Quando menino decorria um duelo entre os pilotos Juan Fangio e Stirling Moss ao longo dos circuitos que então existiam e que durou anos. Uma cunha do então presidente do ACP obrigou-me a dar uma volta ao circuito de Monsanto no carro de corridas pilotado pelo inglês. Terminada a “façanha” júri que nunca mais me meteria  em tais assados. E cumpri. Ainda me tentaram no Grande Prémio de Macau já lá vão muitos anos. Claro que apesar da insistência dei a maior nega da minha vida.
Em 1994 faleceu Ayrton Senna no circuito de Ímola vitima de um desastre passado em directo nas televisões e que felizmente não vi. A BBC considerou-o o maior piloto do Mundo. Mas esse qualificativo não impediu o seu doloroso fim. A morte do tricampeão do Mundo rodeou-se de enorme controvérsia e penso que até hoje as versões mais díspares continuam a guerrear. Isso ainda mais acentuou o verdadeiro ódio que voto a circuitos, rallies e correlativos.
Pois bem ontem morreu mais um piloto desta feita de moto, Luís Salom, de 24 anos, ou seja na flor da vida. O acidente fatal que o vitimou ocorreu nos treinos livres do Grande Prémio da Catalunha Moto2. De novo não o presenciei nos ecrãs televisivos o que não admira porque não vejo as transmissões. Porém de acordo com o que os órgãos da comunicação que depois consultei ter-lhe-iam sido prestados todos os cuidados médicos que desgraçadamente não resultaram. Ainda foi transportado para o Hospital Central da Catalunha onde ainda chegou a ser operado. Debalde.
Se como comecei por dizer nunca gostei do chamado desporto automóvel essa rejeição transformou-se num ódio visceral como também atrás escrevi. Vidas ceifadas aos 24 anos há muitas – há muitíssimas. Se pensarmos no que acontece neste Mundo louco nem é bom ver as estatísticas. E mesmo antes dessa idade, mesmo durante o parto, nem vale a pena ler, ouvir e ler as desgraçadas estatísticas.

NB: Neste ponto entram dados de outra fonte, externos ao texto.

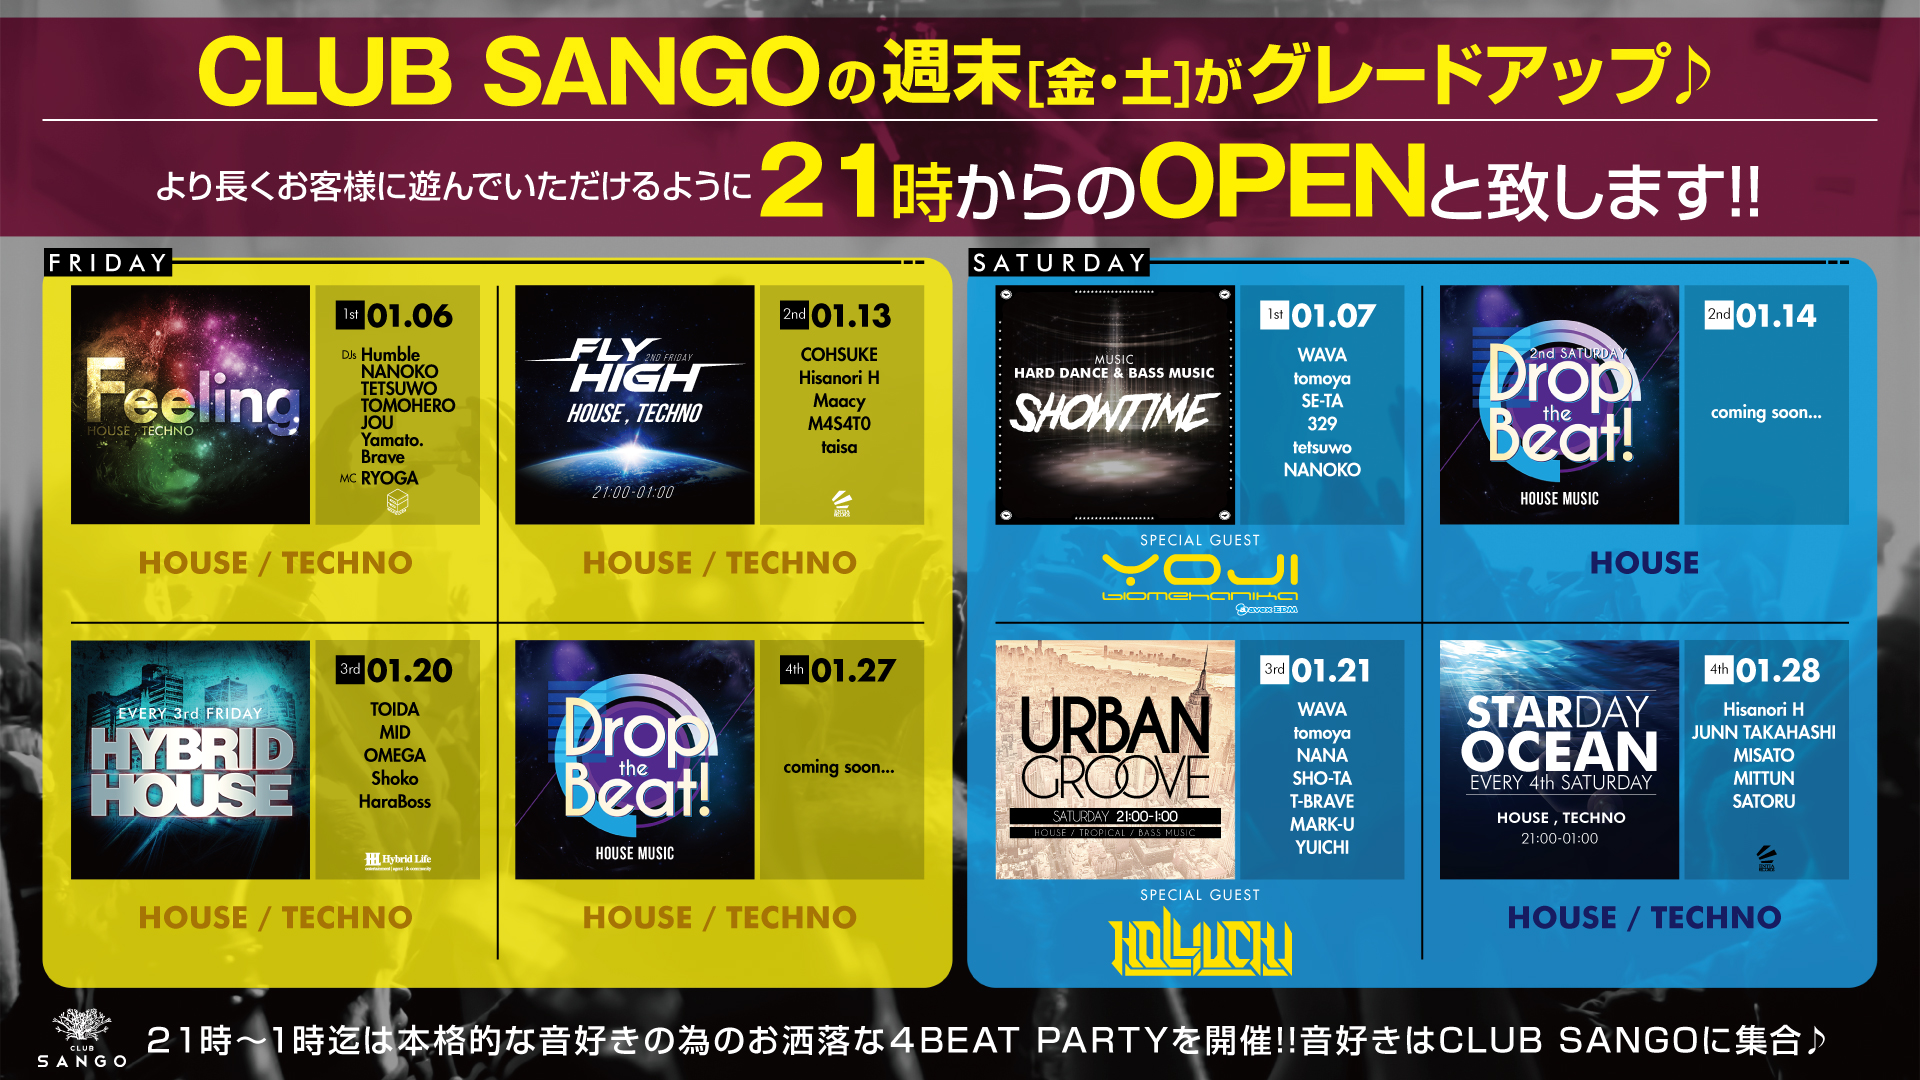 CLUB SANGOの週末[金・土]がグレードアップ!!

Porém Luís Salom corria nas provas de motos porque o queria fazer, porque lhe dava prazer, porque lhe levantava o ego – as razões serão muitas mais; e tinha a consciência de que a cada prova ariscava a vida. Não entrei no seu interior físico, muito menos no psíquico; mas tenho quase a certeza de que devia ser assim. Bem diz o povo que só quem corre por gosto não se cansa.

Porém o piloto espanhol não se cansou – morreu.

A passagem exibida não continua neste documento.